Gurobi is used to solve integer linear programs (FPS and ILP). A license is required. Academic licenses are available, and clusters need special licenses. The following environment variable should point towards the license file in case gurobipy cannot find it on its own.

export GRB_LICENSE_FILE=/ssoft/spack/external/gurobi/gurobi.lic

Note that different results will be obtained with different versions of Gurobi.

First Run

  • to use algo_model and algo_subset, the molekuehl folder should be added to the python path. Add this line at the end of your .bashrc file to add it systematically:
export PYTHONPATH="${PYTHONPATH}:/home/haeberle/molekuehl/"
  • create folder models, rankings, solutions, and learning_curves. The .mps files it contains are large and thus in the .gitignore.
mkdir models rankings solutions learning_curves
  • verify that the folder qm7 exists, and that it contains the energies described in an energies.csv file (with columns file and energy / Ha).

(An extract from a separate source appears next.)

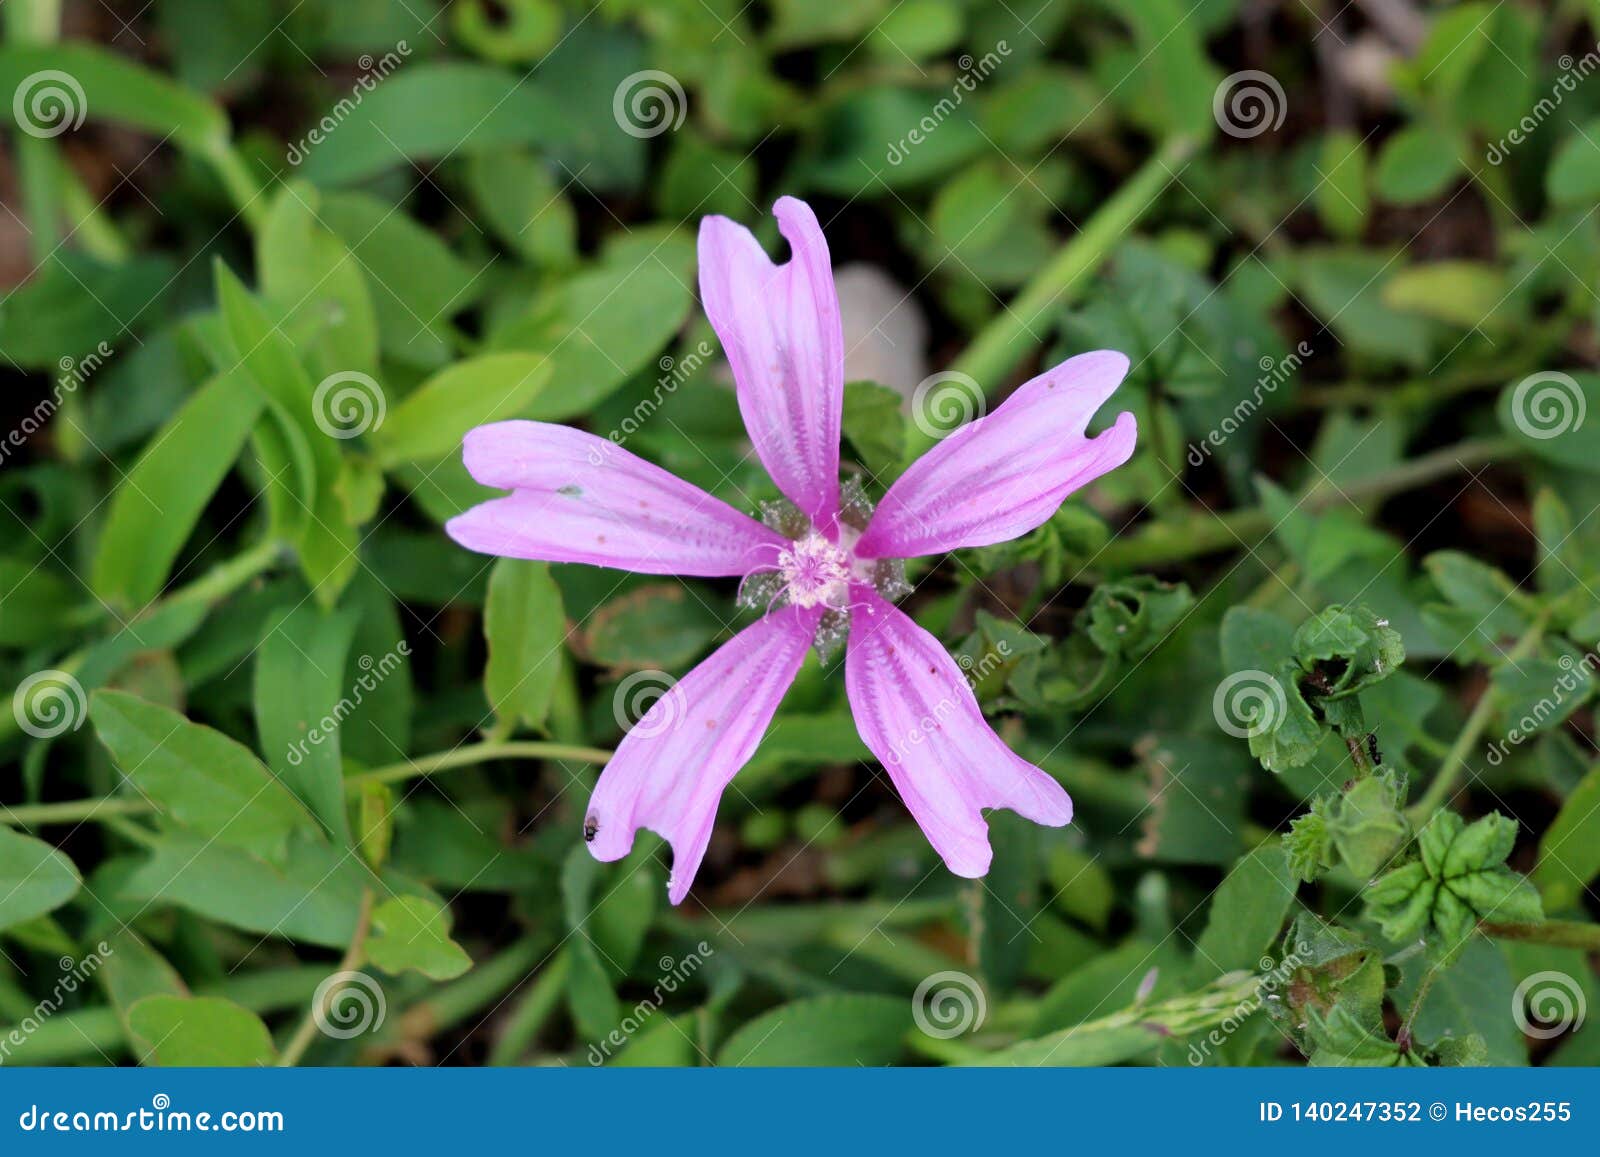 Single Common Mallow Or Malva Sylvestris Spreading Herb Plant With Bright Pinkish Purple With Dark Stripes Flower Growing In Local Stock Photo Image Of Warm Stripes 140247352
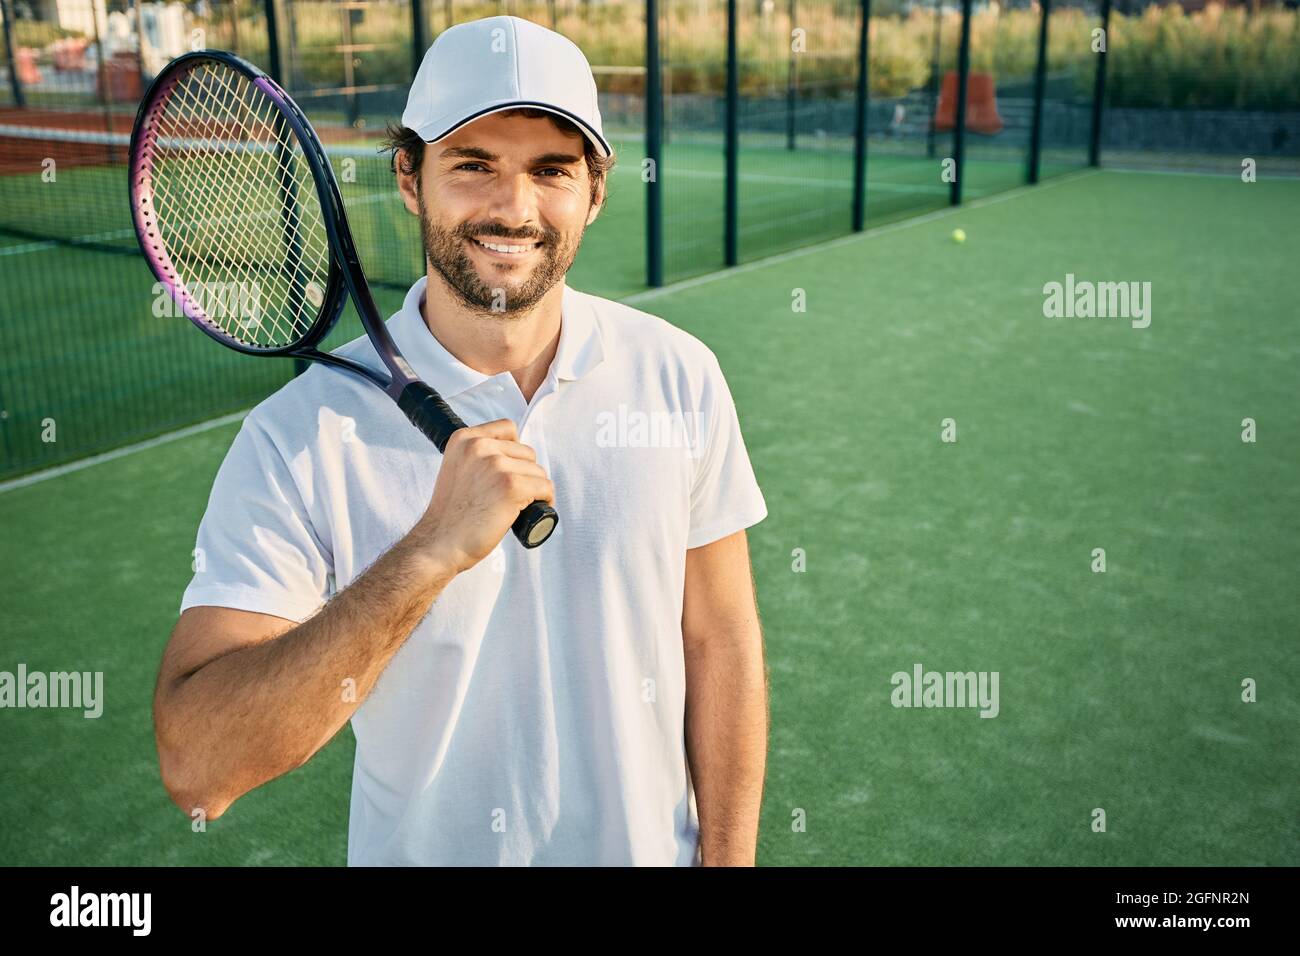 Portrait of a handsome tennis player with a racket in hand standing on a  tennis court wearing a white uniform Stock Photo - Alamy

The main.py file runs everything based on a Python config file. The default config files config.py used by default when running main.py with no argument. In order to use custom config config-foo.py, use the command python3 main.py "config-foo".

Walkthrough of main.py

The main.py combines all files of folder scripts to do the following.

  • Read target names from config file. The corresponding {target_name}.xyz files should be present in the folder targets.
  • Read the config script for the following parameters: database (qm7 for now), representation (FCHL), algorithm-specific parameters, learning curve parameters, ...
  • Generate the representations if not present (with convention {rep}\_{target}.npz and {rep}\_{database}.npz) and save to folder data. The database must be in the {database} folder. The file scripts/generate.py is responsible for this step.
  • Compute fragment subsets using different techniques (indices of database)
    • Subset selection by ILP (named algo in the code):
      • Generate model and write it to models folder OR read it and modify its parameters if possible (simple penalty change for example). The file scripts/algo_model.py is responsible for this step, and is based off of the file script/fragments.py.
      • Solve model and output subset to folder rankings with prefix algo_, and solution of ILP to folder solutions. The file scripts/algo_subset.py is responsible for this step.
    • Subset selection by SML:
      • Output subset to rankings folder with prefix sml_. The file scripts/sml_subset.py is responsible for this step.
    • Subset selection by CUR:
      • Output subset to rankings with prefix cur_. The file scripts/cur_subset.py is responsible for this step.
    • Subset selection by FPS:
      • Output subset to rankings with prefix fps_. The file scripts/fps_subset.py is responsible for this step.
  • Compute the learning curve of each subset and save to folder learning_curves. The file scripts/learning_curves.py is responsible for this step.
  • Draw the learning curves and save to folder plots. The file scripts/plots.py is responsible for this step.
  • The timings of each step are saved in a dump file in the run folder. An example file dump-template.csv can be found in the folder.

Running on clusters

The folder run contains a main.run file which describes how the scripts were ran on the JED cluster. An example output file slurm.out is included.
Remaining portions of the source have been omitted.